The Kenya Revenue Authority (KRA) has dug its heels in on rules it introduced this year governing business licence applications for clearing gents. While the agents want the revenue agency to release their licences unconditionally, KRA has insisted they must undergo vetting by April 1. The process entails filing bio-data forms where the agents will disclose crucial information about their business operations and clients. This, KRA said, would curb the rampant corruption witnessed at the ports and help fight drug trafficking.
In earlier communication, KRA Commissioner General John Njiraini said the agents must be vetted to ascertain their suitability, combat fraud, as well as ensure they conform to tax requirements. “Given the importance of clearing and forwarding services in safeguarding national security and public revenue, it is imperative that persons entrusted with this role exhibit the highest standards of ethical and business conduct.
The ongoing vetting process to evaluate applicant suitability is meant to achieve this objective prior to the renewal of licences,” Mr Njiraini said.
But the agents have vowed to resist the vetting, maintaining that all KRA customs officials who work at entry points must also be vetted.
Under the umbrella of the Kenya International Freight and Warehousing Association (KIFWA), the agents said they would stop paying taxes and ground the evacuation of cargo, which would see the taxman lose out on the Sh3 billion they help KRA collect every day. “The customs officials must all be vetted first before we agree to be vetted because they are the main perpetrators of this corruption,” KIFWA spokesperson William Ojonyo said.

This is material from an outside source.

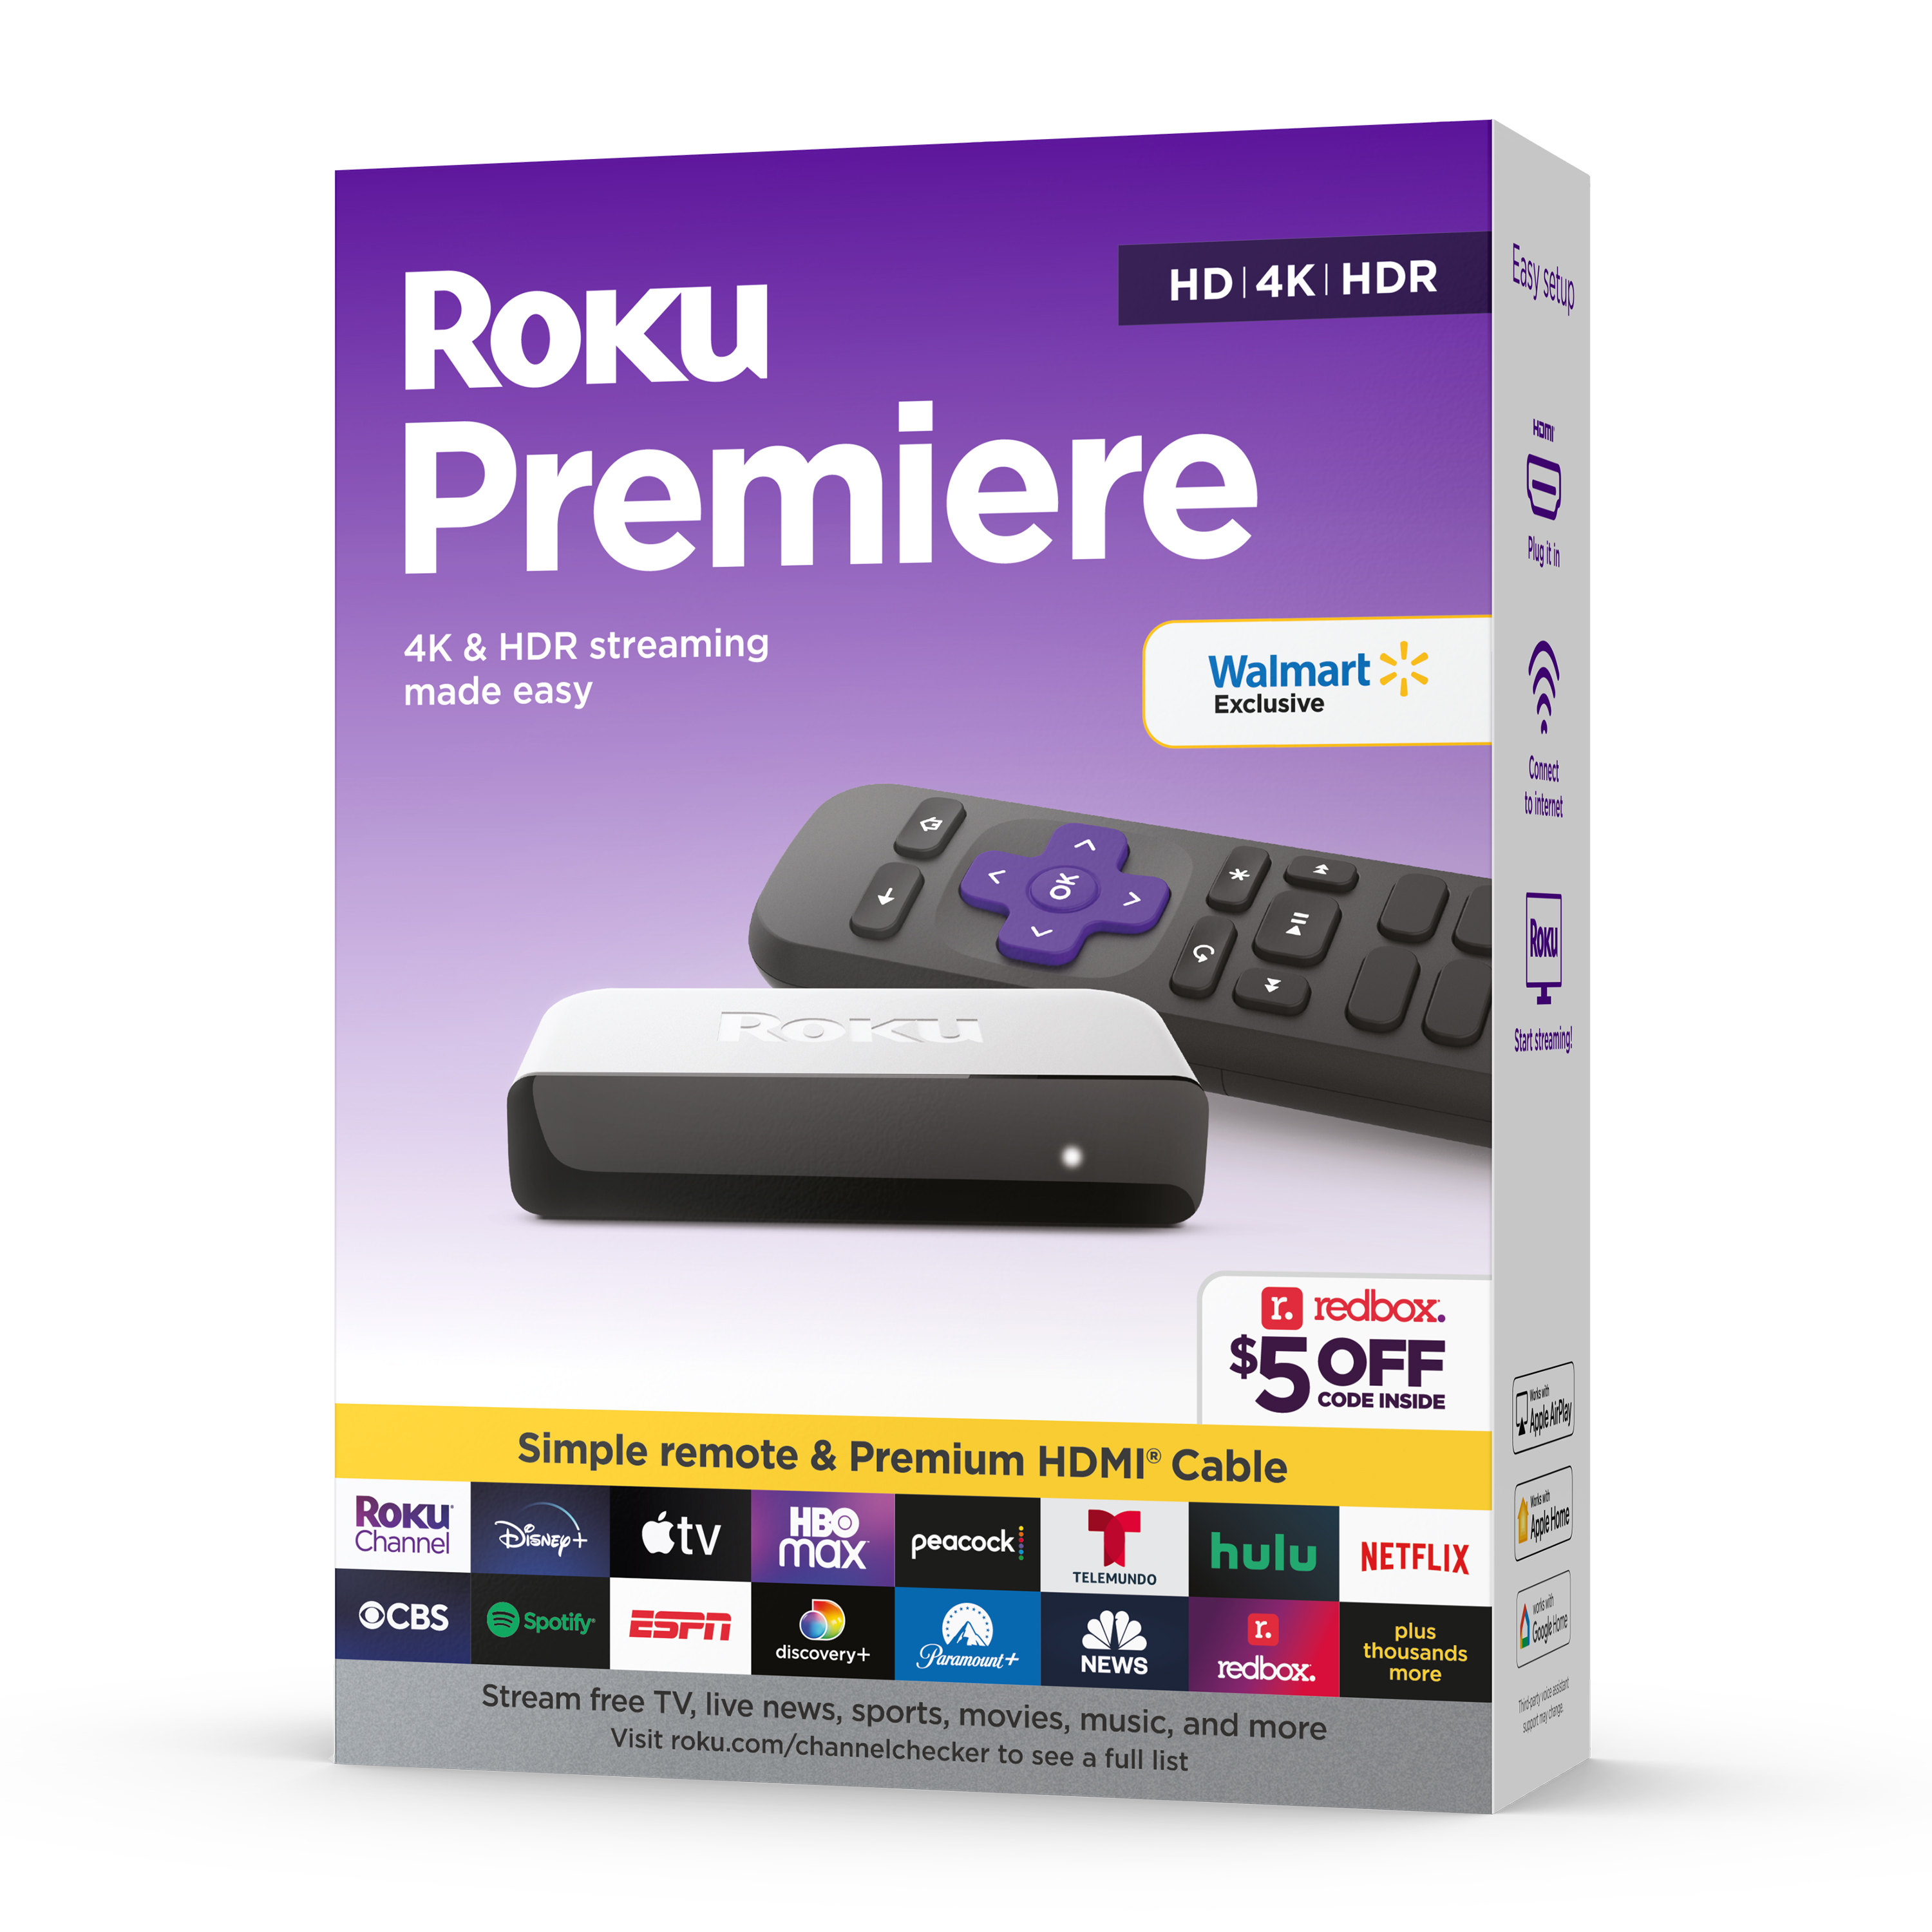 Roku Premiere | 4K/HDR Streaming Media Player Wi-Fi® Enabled with Premium High Speed HDMI® Cable and Standard Remote - image 1 of 8

The agents also accused KRA of bribing their former union officials to agree with the vetting plans. At a meeting last week, they voted to hold new KIFWA elections. The agents also accused the taxman of working with some international logistics companies to undermine local agents.
They said the international companies that have agreed to be vetted by KRA do not serve the local industry, and therefore do not understand its needs.